Saturday, 14 January 2017

Plaza de la Catedral

Plaza de la Catedral (Cathedral Square) once occupied a lowly quarter where rainwater and refuse collected.  It was originally known as the Plazuela de la Cienaga - Little Square of the Swamp.  A cistern was built in 1587, and only in the following century was the area drained.
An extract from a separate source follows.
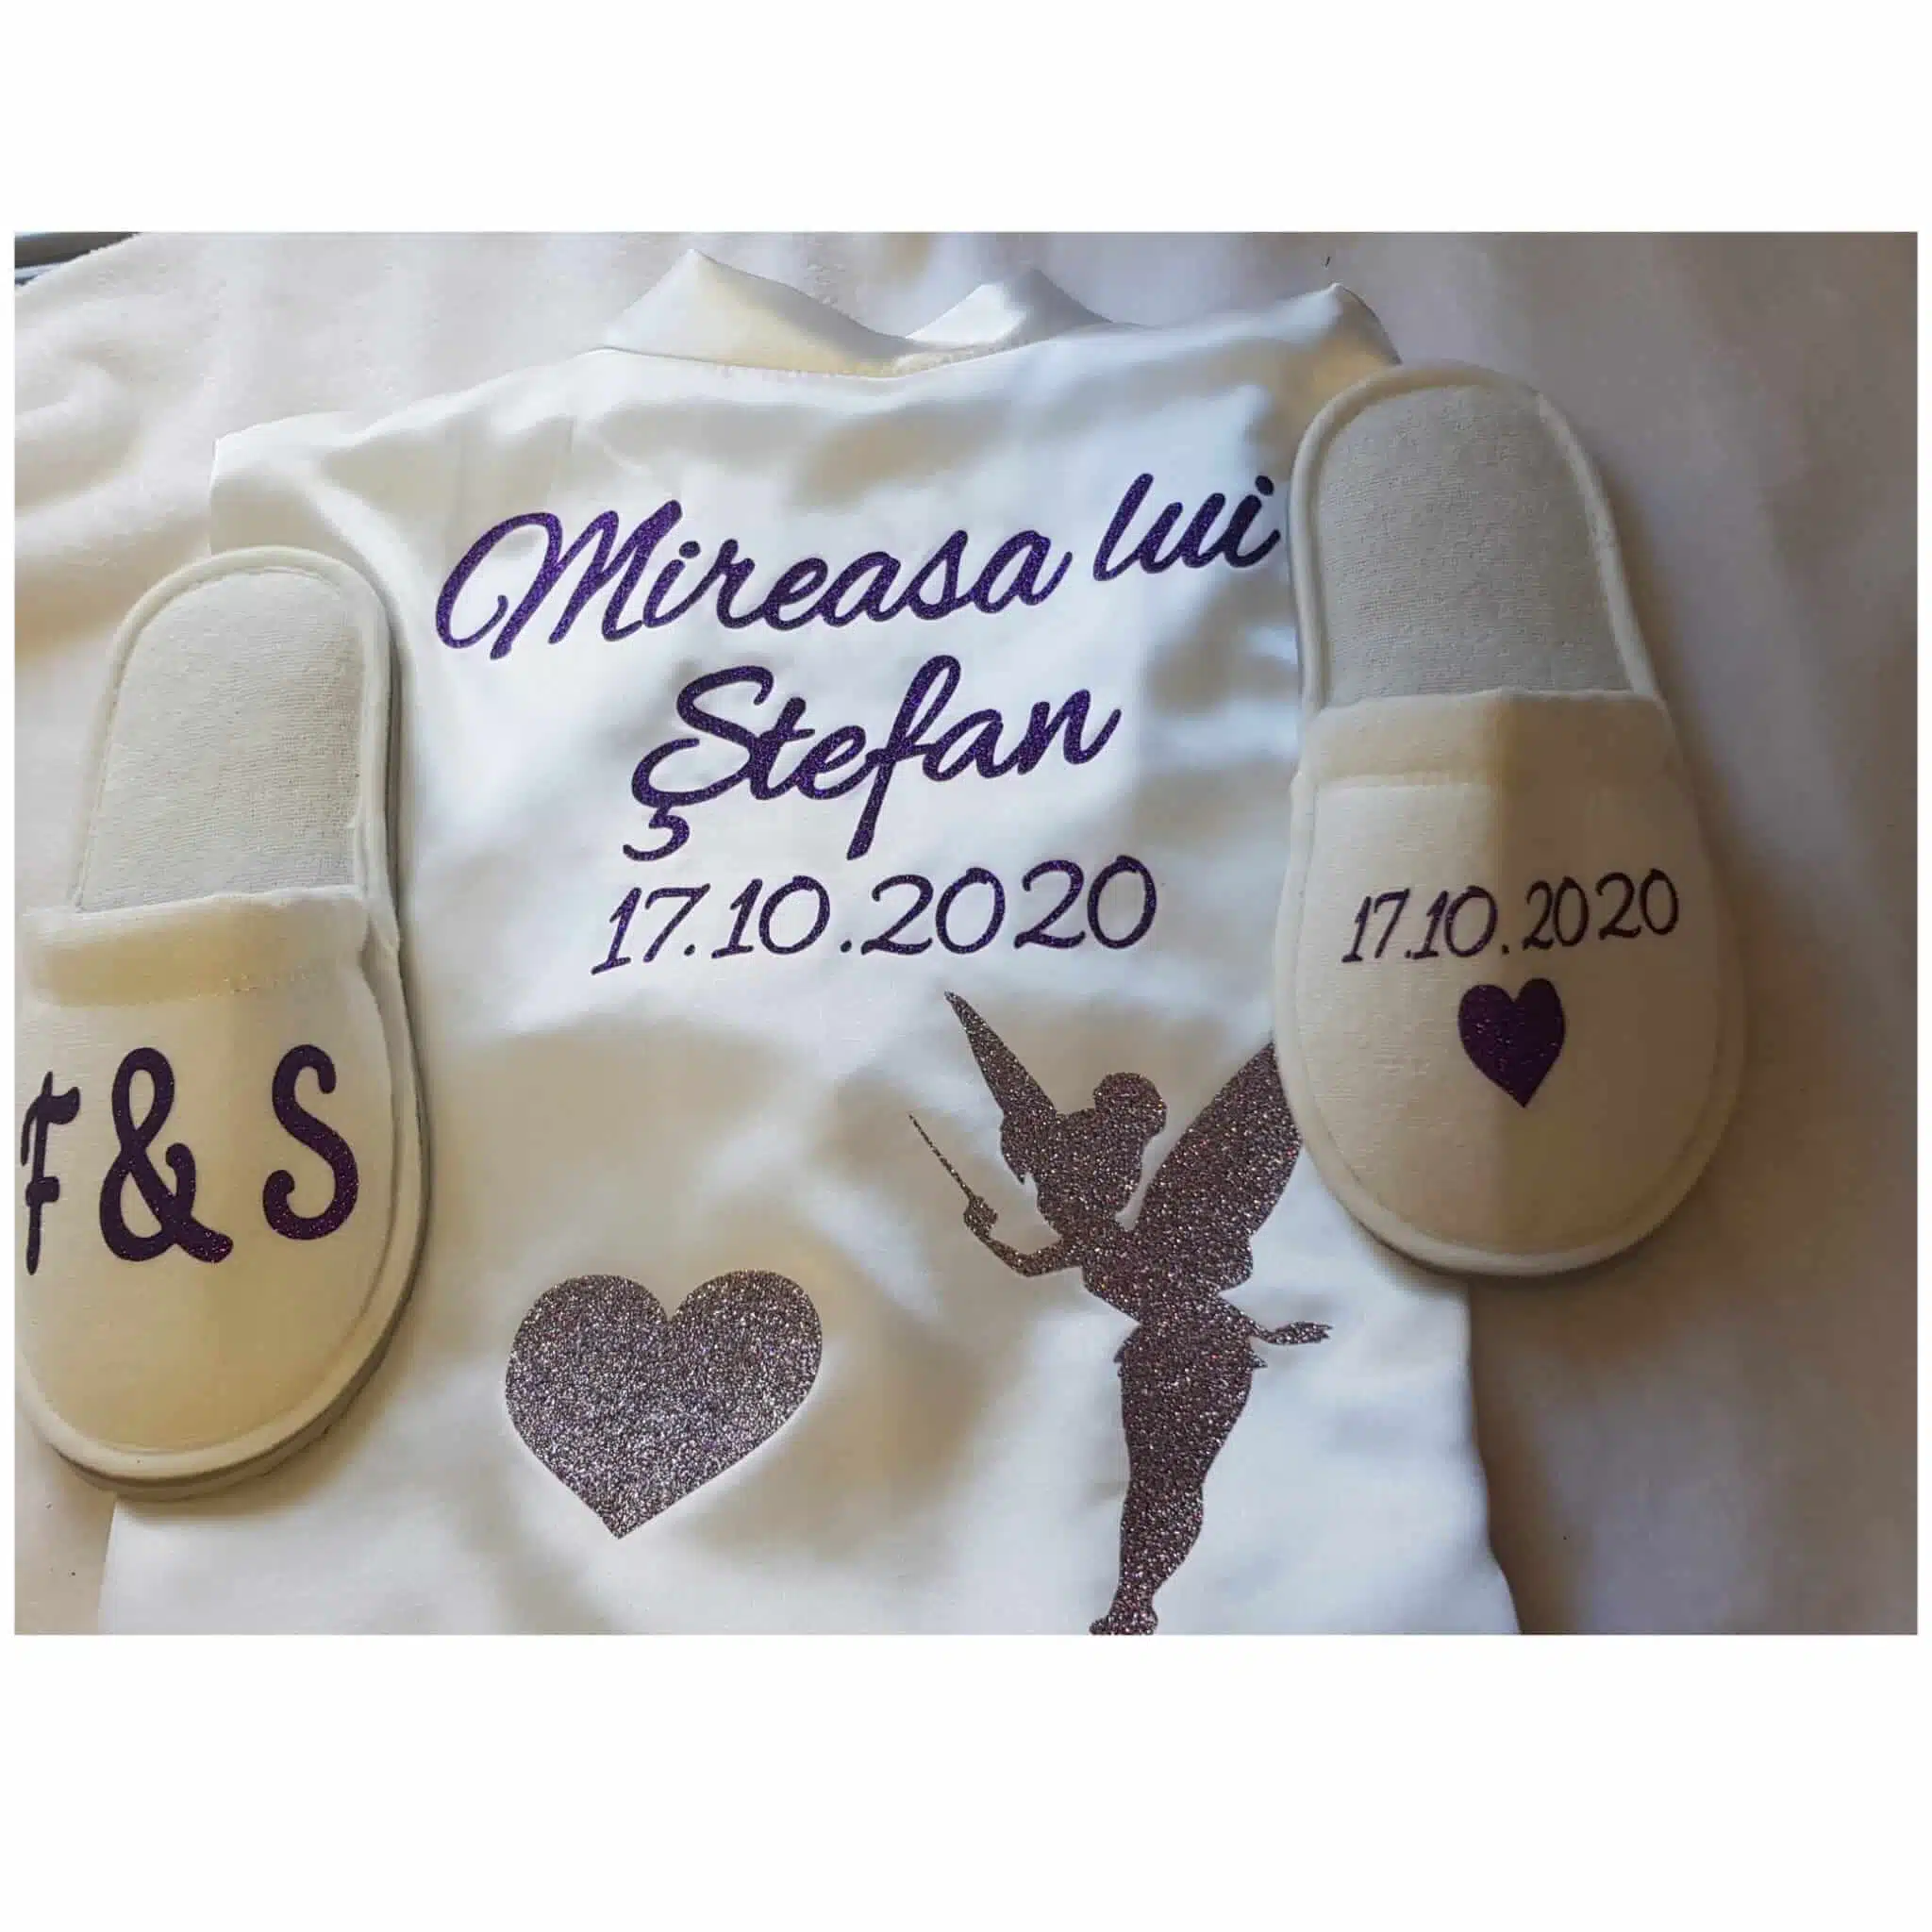 zapatillas personalizadas novia boda

Catedral San Cristobal de la Habana (St. Christopher's Cathedral) is the focal building in Plaza de la Catedral.  It was initiated by the Jesuits in 1748, who were kicked out of Cuba in 1767 but the building was finished in 1777.  The baroque facade is adorned with clinging columns - the Cuban novelist Alejo Carpentier referred to the facade as "music turned to stone".  A royal decree in 1793 elevated the church to a cathedral.
Columns divide the rectangular church into three naves.  The neoclassical main altar is simple and made of wood; the murals above it are by Italian painter Guiseppe Perovani.






Plaza de la Catedral has a home of a former slave trader, built in 1741.  Currently it houses a small post office as it has since 1821 - Cuba's first post office.  The mailbox is set into the wall, a grotesque face of a tragic Greek mask carved into stone, with a scowling mouth as its slit.

A life-size bronze statue of Spanish flamenco dancer Antonio Gades (1936-2004) leans against a column in Plaza de la Catedral.

The back of Casa deal Marques de Arcos, which was built in 1740, is also found in Plaza de la Catedral.  When you're inside the building and looking out the front door this is what you see - which opens up to the Mural Artistico-Historico, painted by Cuban artist Andres Carrillo.